Писареву становилось хуже и хуже. 1 марта хотел было он написать записку и поздравить одну очень любимую и уважаемую им женщину со днем ее рожденья, но дрожащая его рука писала одни каракульки; он бросил с досадой перо и сказал: «Таким почерком я только напугаю». На другой день он просил меня продать книгопродавцу Ширяеву «Белую волшебницу», «Пятнадцать лет в Париже» и четыре водевиля: «Дядя напрокат», «Две записки», «Как дороги утки» и «Средство выдавать дочерей замуж». – «Продай за что-нибудь, – сказал мне Писарев слабым голосом. – Ширяев предлагал мне прежде по сто пятьдесят рублей за каждый водевиль в одном акте». Я поехал прямо к Ширяеву и продал все шесть пиес, числом одиннадцать актов, за тысячу рублей ассигнациями. Возвращаясь из комитета, я заехал к Писареву и отдал ему деньги. Он был очень доволен, спросил свой маленький ларчик, положил в него тысячу рублей и запер ключиком. Кончив эту, для него уже тяжелую работу, он сказал с какой-то странной улыбкой: «Пригодятся».
Я повидался с Высоцким; он сказал мне, что с некоторого времени у больного появилось опять раздражение в печени, что завтра он ощупает его при мне, для чего и просил, чтоб я непременно приехал в три часа. «Писарев уже два раза не дался осмотреть себя, – продолжал Григорий Яковлевич, – а вас, вероятно, послушается: мне необходим хирургический осмотр».
Высоцкий приехал в условленный час, и Писарев весьма неохотно, но согласился дать себя ощупать. Как только Высоцкий впустил свои пальцы под ребра больного, больной болезненно вскрикнул, оттолкнул с досадою руку доктора и раздраженным голосом сказал: «Какой вы!.. настоящий хирург!

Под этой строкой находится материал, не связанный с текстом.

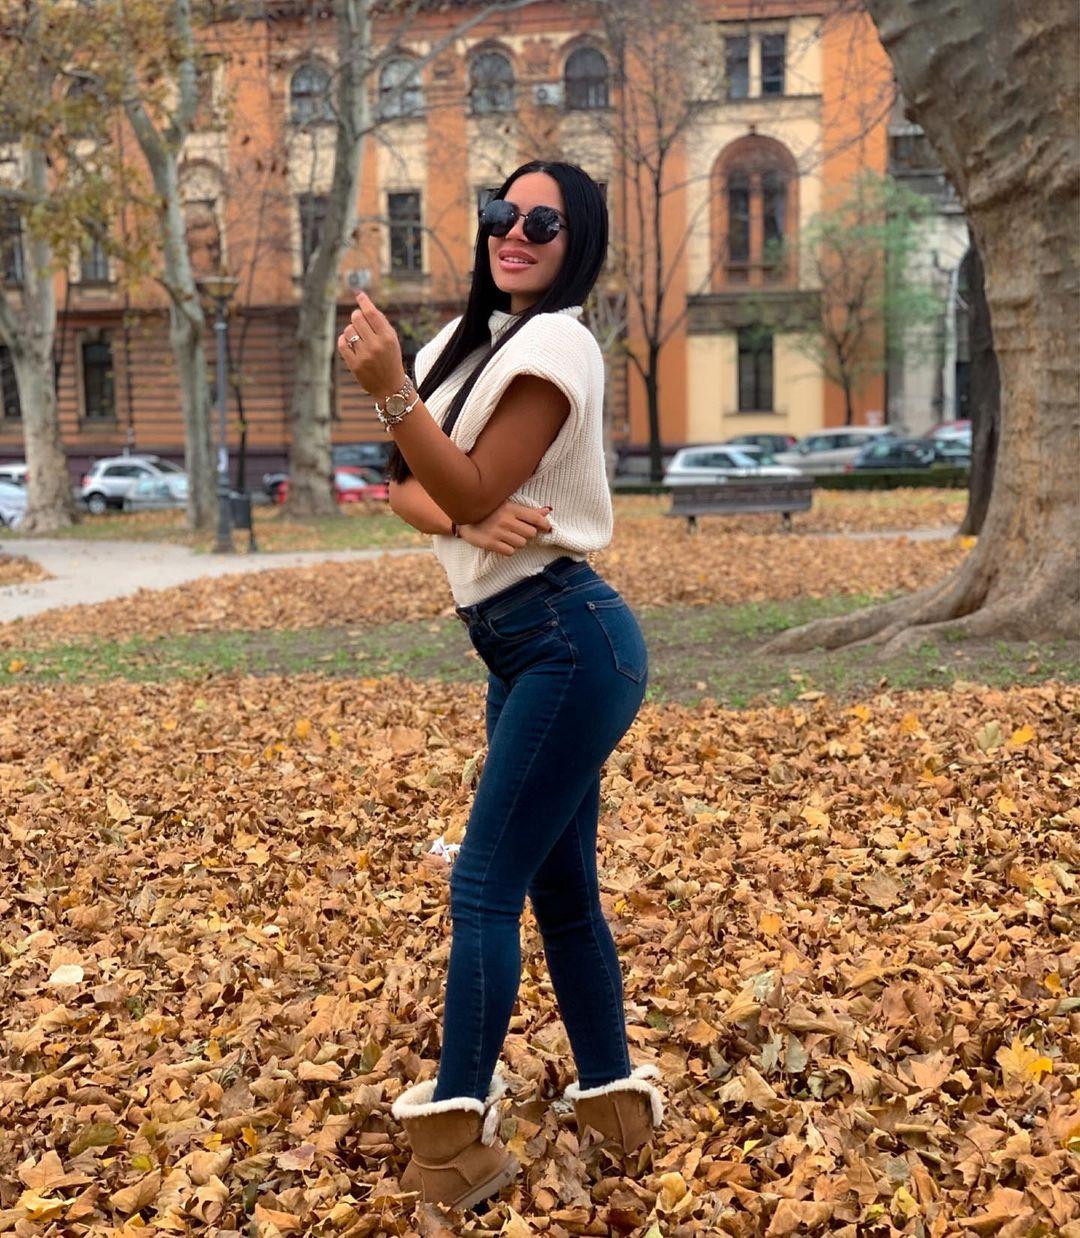 Andrea-Coco-Wallpapers-Insta-Fit-Bio-1
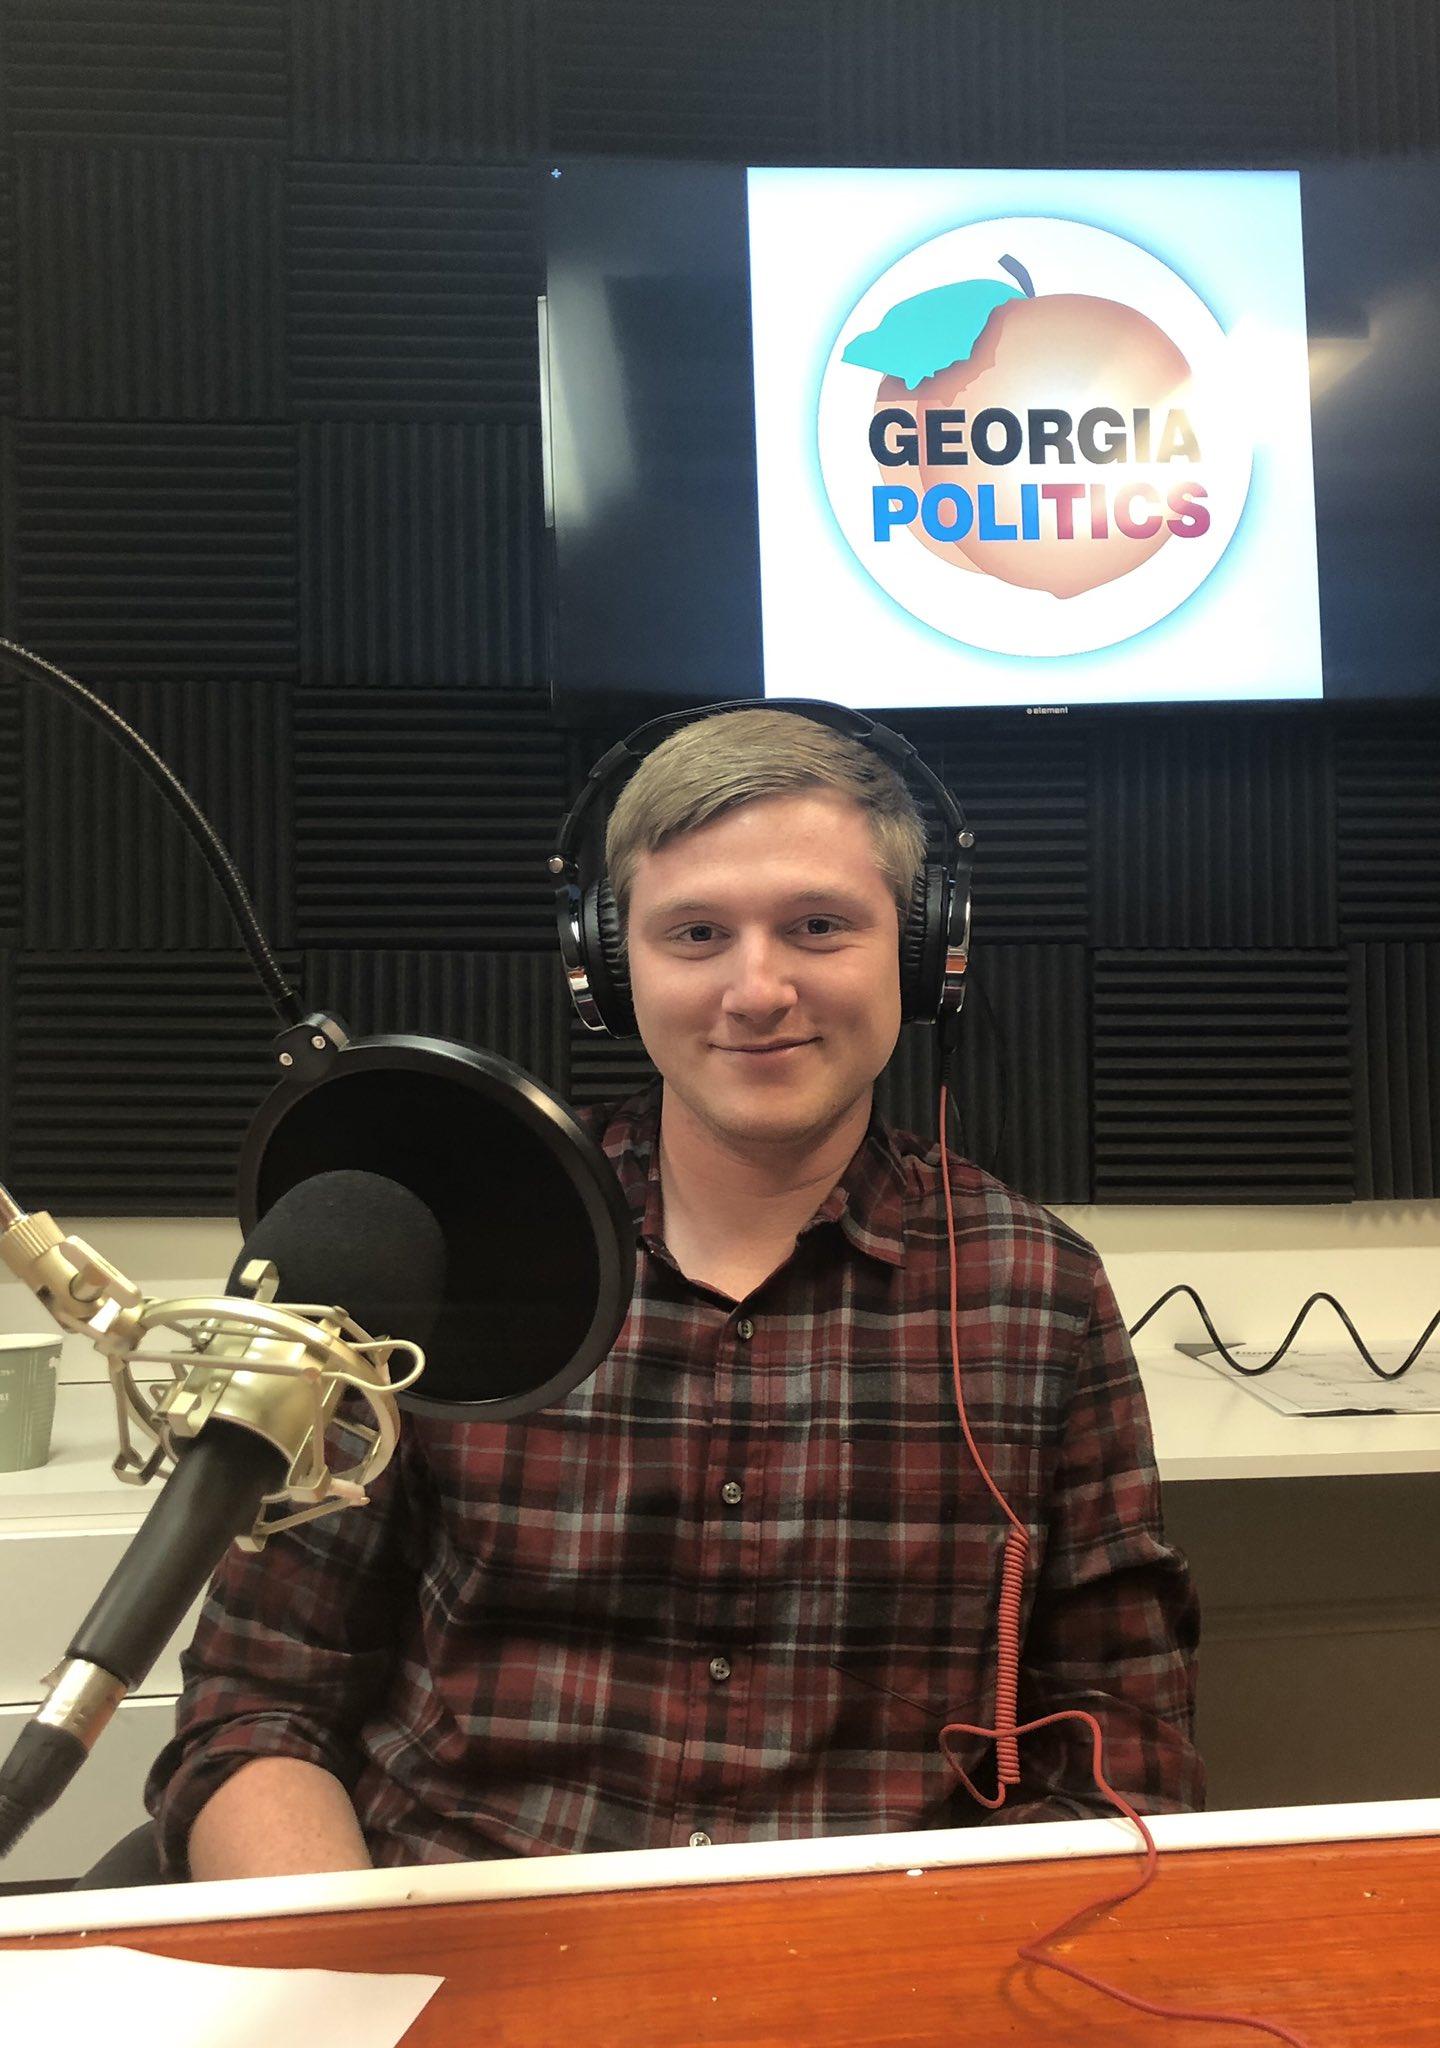 Preston also hosts the Georgia Politics Podcast with the Appen Media Network.

Вы мне бок проткнули!» Высоцкий не отвечал и более не беспокоил больного, прописал новое лекарство и, выйдя со мною в другую комнату, сказал: «Ну, теперь дело плохо: у него рецидив воспаления в печени, а он так слаб, что я даже пиявок не смею поставить». – Я давно чувствовал, что дело плохо, и говорил Высоцкому не один раз; я напомнил об этом и теперь; но Высоцкий утверждал, что плохо стало недавно. «Скажите, Григорий Яковлевич, прямо: имеете ли вы какую-нибудь надежду?» – спросил я. – «Как доктор – никакой; а как христианин – верю в чудеса божьего милосердия», – отвечал Высоцкий.